Os sindicatos diante da reforma trabalhista

Trabalho - Foto EBC

Por Roberto Monteiro Litrento*

Os sindicatos foram criados com o propósito de representarem os legítimos interesses dos trabalhadores dos mais distintos setores de nossa economia, diante da desigual e injusta distribuição de poder e de riquezas em nosso País.

A partir de 1930 podemos apontar o início o desenvolvimento da nossa legislação trabalhista, em especial, através do Decreto n. 19.770, originando a 1ª. Lei sindical no Brasil.

É sabido que a mola mestra que deu origem aos sindicatos advém da Revolução Industrial, diante do surgimento do proletariado e das condições insalubres de trabalho. Também os abusos praticados contra a classe operária pelo capitalismo exacerbado, bem como diante dos baixíssimos salários pagos aos trabalhadores, além das longas e estafantes jornadas de trabalho, foram fatores relevantes para o surgimento de manifestações e dos protestos populares por melhores condições de vida.

Diante desse quadro de extrema penúria e exploração das massas de trabalhadores surgiram os sindicatos, objetivando viabilizar a criação das mínimas condições de trabalho e a busca por salários mais dignos e justos, tornando-se fundamentais na negociação entre patrões e empregados, representando, destarte, os interesses dos trabalhadores oprimidos.

No Brasil contemporâneo existem inúmeros sindicatos, cerca de 10.817, muitos dos quais representando categorias profissionais de grande expressão, como por exemplo, petroleiros, metalúrgicos, bancários, químicos, professores, setor têxtil, dentre outras de igual importância para o desenvolvimento do País.

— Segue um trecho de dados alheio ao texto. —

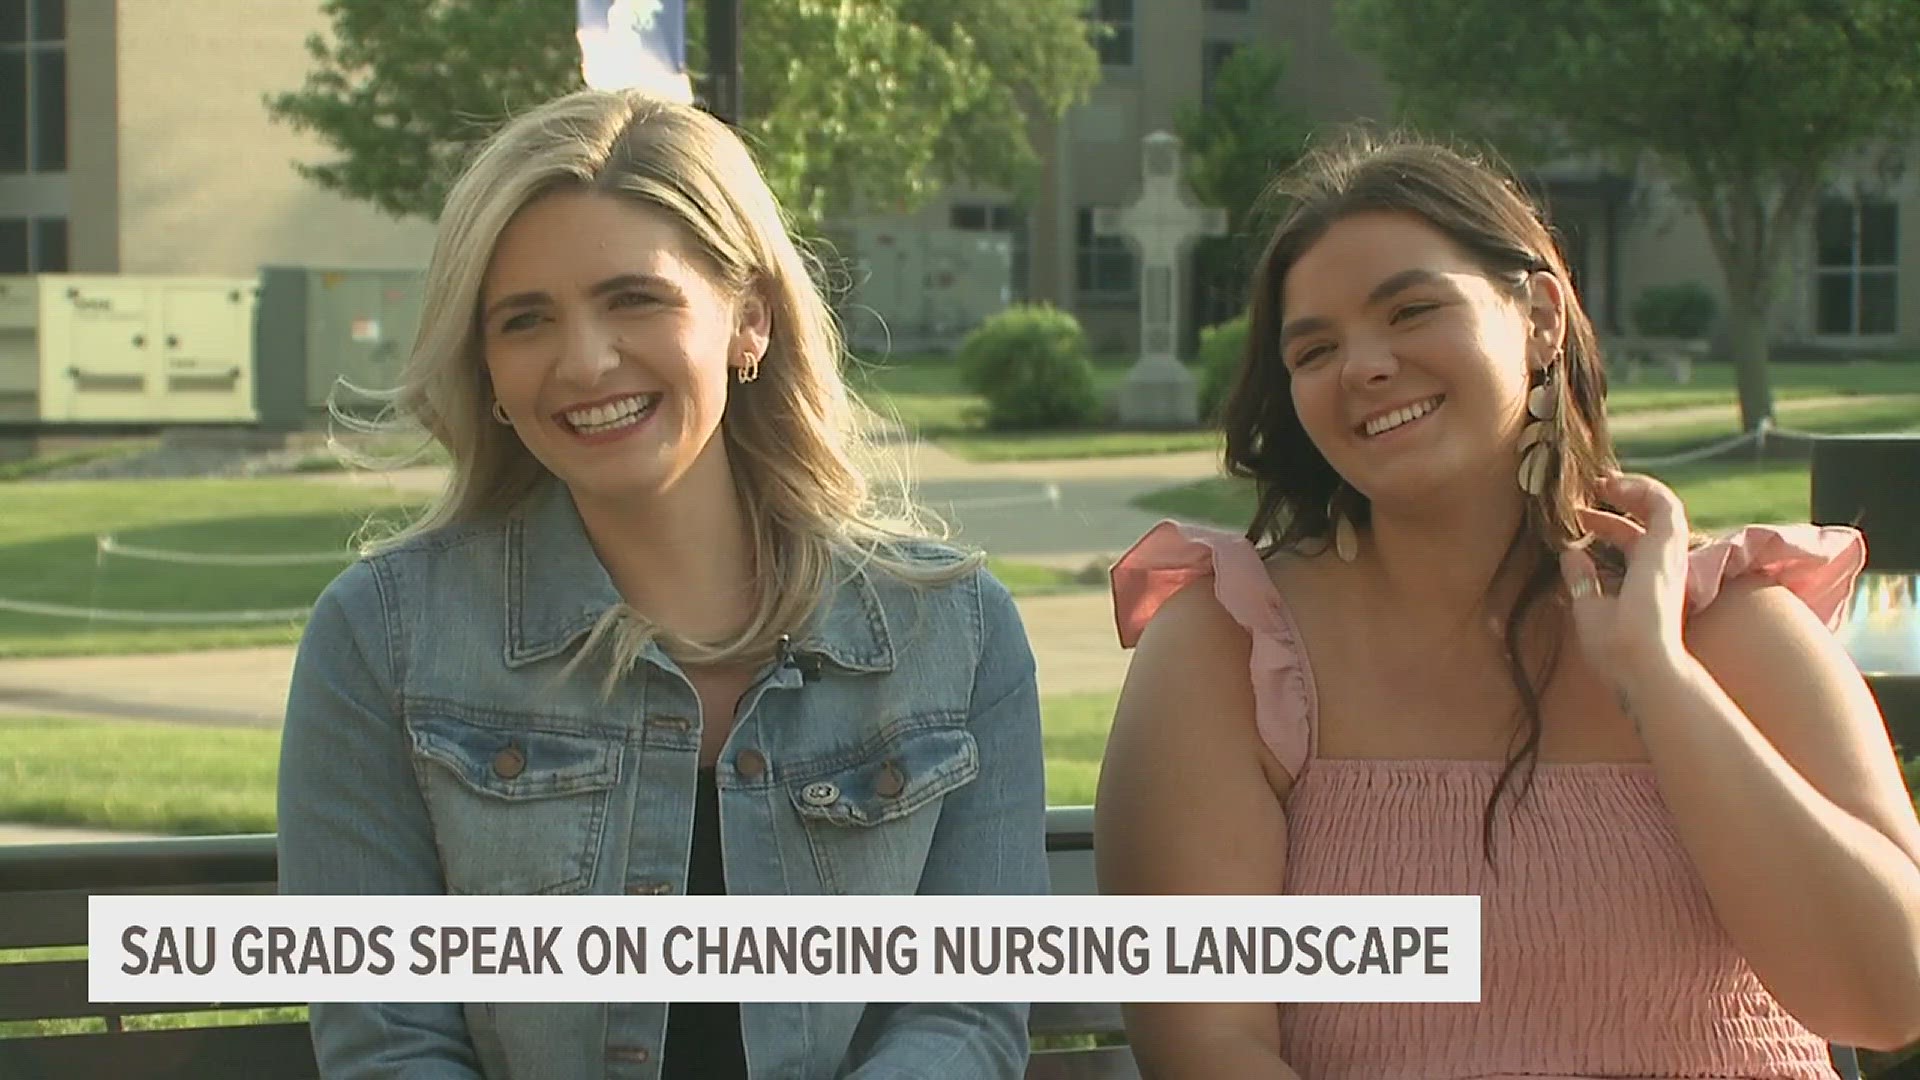 St. Ambrose Univ. alum Hannah Hosty '15 and Mackenzie Zions '23 share how the nursing industry has changed in the 8 years each graduated from the nursing program.

A reforma trabalhista, hoje em vigor, criada com a finalidade possibilitar o aumento da lucratividade das empresas, além do aquecimento da economia, aboliu de vez a contribuição sindical obrigatória, que tinha previsão na antiga CLT, estando hoje condicionada à autorização expressa dos que participam de uma determinada categoria profissional, ou de uma profissão liberal. O fim da contribuição sindical representa na prática um duro golpe nas finanças dos sindicatos, fazendo com que os órgãos de classe de menor expressão, em termos de representação, venham a se fundir, gerando assim uma nova entidade, a qual certamente será mais forte.

Uma das alegações utilizadas para a aprovação da nova lei, especialmente no tocante ao fim da contribuição sindical, é no sentido de que os sindicatos meramente de fachada irão desaparecer.

Os defensores das mudanças trabalhistas argumentam que a extinção da obrigatoriedade da cobrança do imposto sindical forçará as entidades elaborarem mecanismos que atraiam novos associados, como por exemplo, o oferecimento de serviços especializados, através de convênios firmados com empresas privadas. Esses serviços podem abranger consultoria jurídica, consultas médicas, atendimentos odontológicos, dentre outros, além de atividades lúdicas.

A realização de campanhas de sindicalização, que façam uso das redes sociais e da utilização de outros meios tecnológicos para a conquista dos trabalhadores, objetivam a percepção da necessária e imprescindível receita, que oxigene as finanças, diante da perda de receita gerada pela nova legislação. Será preciso que os sindicatos se reinventem e criem mecanismos atrativos para que possam subsistir.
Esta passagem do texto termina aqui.